◆ **Your assignment**
The response must consist of the lines below from the one with "#abikiniaday when you" through the one with "Studio Roof Wall Decor - Peacock Butterfly", exactly as they appear and with both ends kept.

Records drawn from a dataset

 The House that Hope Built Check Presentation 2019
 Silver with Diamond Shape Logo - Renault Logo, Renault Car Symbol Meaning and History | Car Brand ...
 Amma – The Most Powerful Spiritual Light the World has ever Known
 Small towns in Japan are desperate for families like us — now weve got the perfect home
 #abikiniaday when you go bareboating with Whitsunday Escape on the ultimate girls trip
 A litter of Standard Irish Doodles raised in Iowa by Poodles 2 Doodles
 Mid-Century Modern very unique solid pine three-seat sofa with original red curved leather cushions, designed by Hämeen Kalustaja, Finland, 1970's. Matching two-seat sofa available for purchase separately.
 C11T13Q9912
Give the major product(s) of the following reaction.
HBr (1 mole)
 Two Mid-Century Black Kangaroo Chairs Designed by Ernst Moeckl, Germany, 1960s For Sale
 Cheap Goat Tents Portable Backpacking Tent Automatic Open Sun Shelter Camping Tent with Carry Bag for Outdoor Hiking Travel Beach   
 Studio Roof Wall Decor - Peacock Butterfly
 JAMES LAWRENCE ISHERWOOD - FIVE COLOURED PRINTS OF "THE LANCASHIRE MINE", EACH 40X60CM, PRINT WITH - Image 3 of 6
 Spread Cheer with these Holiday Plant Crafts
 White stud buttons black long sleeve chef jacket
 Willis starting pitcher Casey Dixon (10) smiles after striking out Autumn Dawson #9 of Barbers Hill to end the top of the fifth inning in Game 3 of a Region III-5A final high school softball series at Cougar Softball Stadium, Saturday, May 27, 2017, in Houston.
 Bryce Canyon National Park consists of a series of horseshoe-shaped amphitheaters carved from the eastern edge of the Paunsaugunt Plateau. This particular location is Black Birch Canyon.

◆ **Result of this task**
 #abikiniaday when you go bareboating with Whitsunday Escape on the ultimate girls trip
 A litter of Standard Irish Doodles raised in Iowa by Poodles 2 Doodles
 Mid-Century Modern very unique solid pine three-seat sofa with original red curved leather cushions, designed by Hämeen Kalustaja, Finland, 1970's. Matching two-seat sofa available for purchase separately.
 C11T13Q9912
Give the major product(s) of the following reaction.
HBr (1 mole)
 Two Mid-Century Black Kangaroo Chairs Designed by Ernst Moeckl, Germany, 1960s For Sale
 Cheap Goat Tents Portable Backpacking Tent Automatic Open Sun Shelter Camping Tent with Carry Bag for Outdoor Hiking Travel Beach   
 Studio Roof Wall Decor - Peacock Butterfly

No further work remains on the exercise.